Gender -0.123217 Age -0.007556 Hipertension -0.007325 Alcoholism 0.040789 Handcap -0.146144 SMS_received 0.390198 days_in_advance 0.027498 month_appointment_6 -0.463698 day_of_week_appointment_1 -0.244623 day_of_week_appointment_2 -0.175504 day_of_week_appointment_3 -0.245840 day_of_week_appointment_4 -0.096902 number_of_previous_apptms -0.078217 number_of_previous_noshows 0.601255

Interpretation of coefficients

Continious variables:

  • age: for every additional year log(odds of no-show) decreases by 0.007
  • number_of_previous_apptms: for 1 additional number log(odds of no-show) decreases by 0.07
  • days_in_advance: for every additional day log(odds of no-show) increases by 0.027
  • number_of_previous_noshows for every additional previous no-show log(odds of no-show) increases by 0.6

Discreet variables:

The presence of feature increases/decreases log(odds of no-show) by coefficient value

Most significant features: number_of_previous_noshows, month_appointment_6, SMS_received

Simulation of change in most significant variables

Let's predict the probability of a no-show for a person with the following parameters:

  • Gender: Male
  • Age: 30
  • Hipertension: 0
  • Alcoholism: 0
  • Handicap: 0
  • SMS_received: 0
  • days_in_advance: 14
  • Month_appointment_6: 0
  • Day_of_week_appointment_1: 0
  • Day_of_week_appointment_2: 1
  • Day_of_week_appointment_3: 0
  • Day_of_week_appointment_4: 0
  • Number_of_previous_apptms: 0
  • number_of_previous_noshows: 0

We used out Logistic Regression model to predict the probability of a no-show of this imaginary person.
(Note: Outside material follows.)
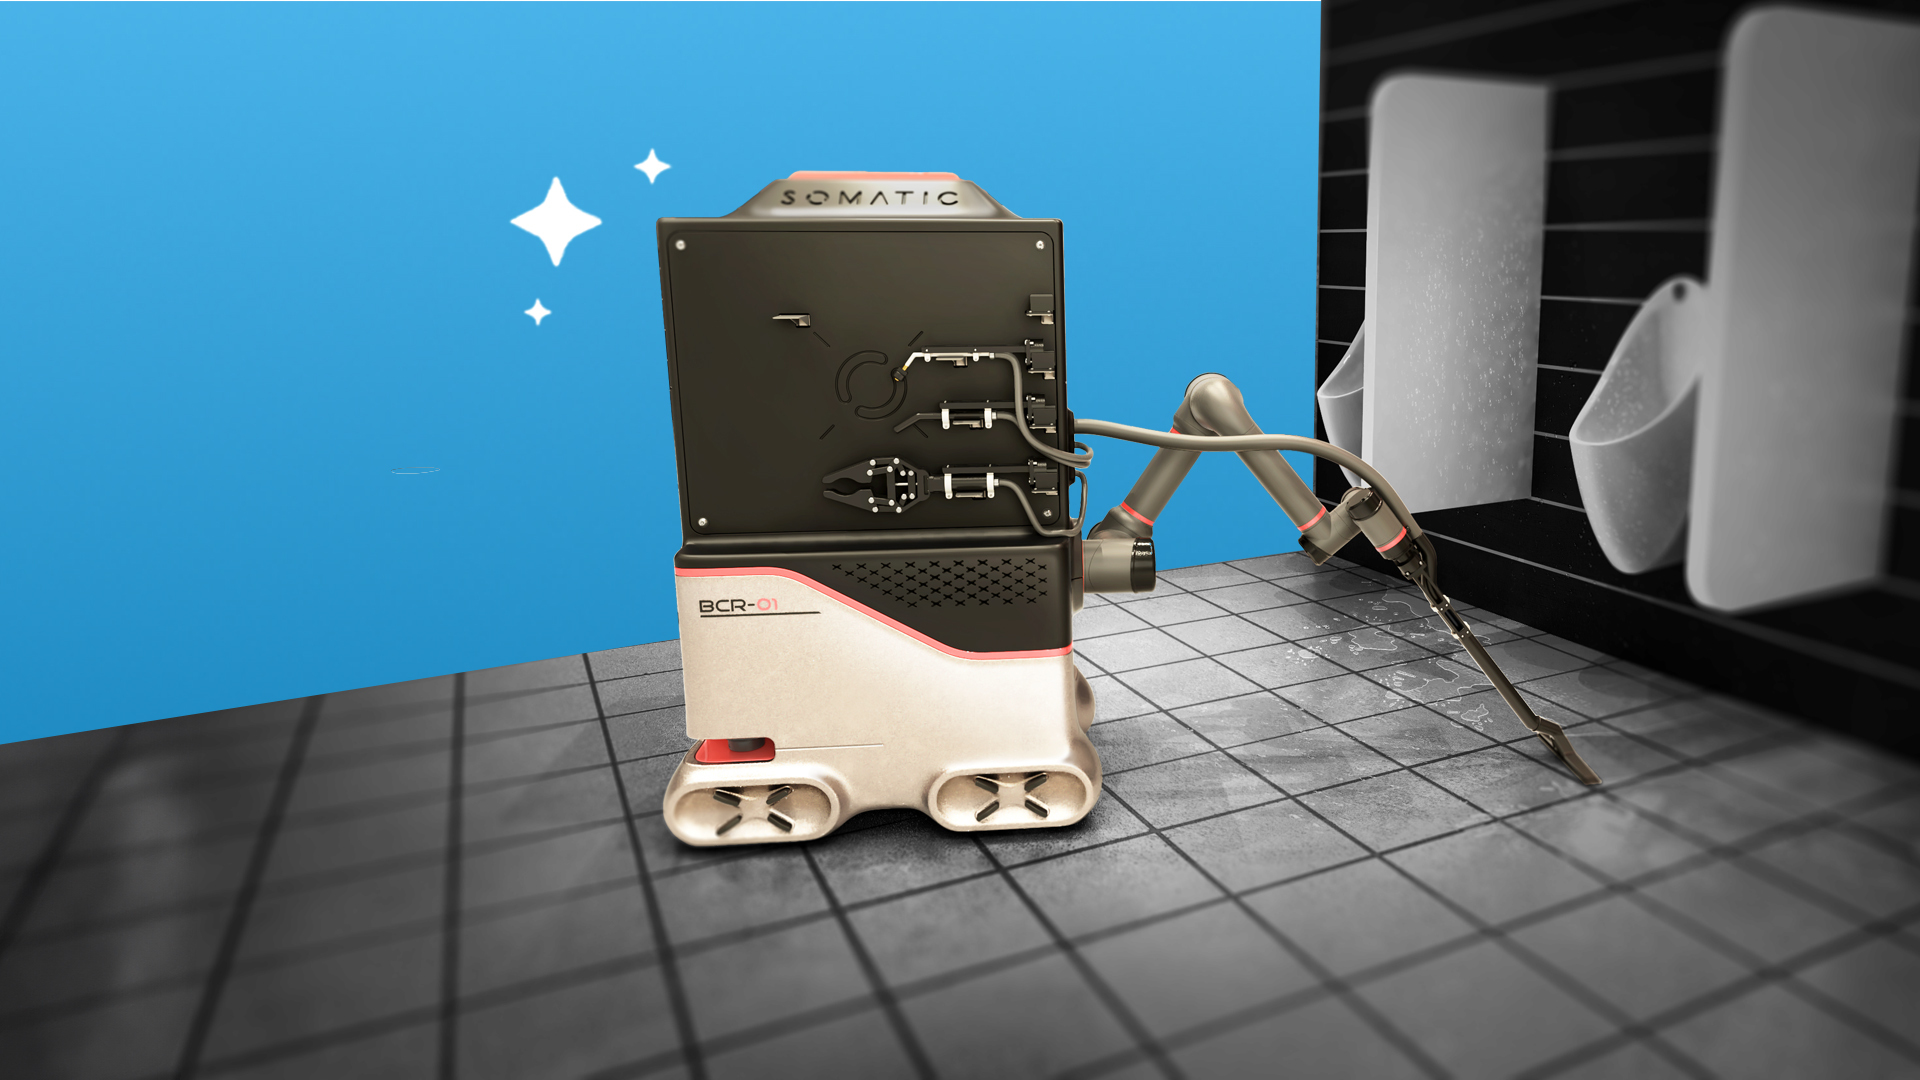 Somatic Cleaning Robot

This gave us our baseline probability: 46%

We will now try to increase the parameters for our 3 most important variables to see how the predicted probability will be changing.

  1. Number of previous no-shows: increase from 0 to 1 Increase of probability from 46% to 61%

  2. Number of previous no-shows: increase from 1 to 2 Increase of probability from 61% to 74%

  3. Appointment in June: Decrease of probability from 74% to 64%

  4. Received SMS notification: Increase of probability from 62% to 72%

It is counter-intuitive that recieving SMS will increase the probability of a no-show. The description of the dataset states that "SMS_received = 1 or more messages sent to the patient". That could mean that the value 0 indicates that more than 1 SMS was sent for those patient, which might explain the positive relationship between a no-show and SMS_recieved variable.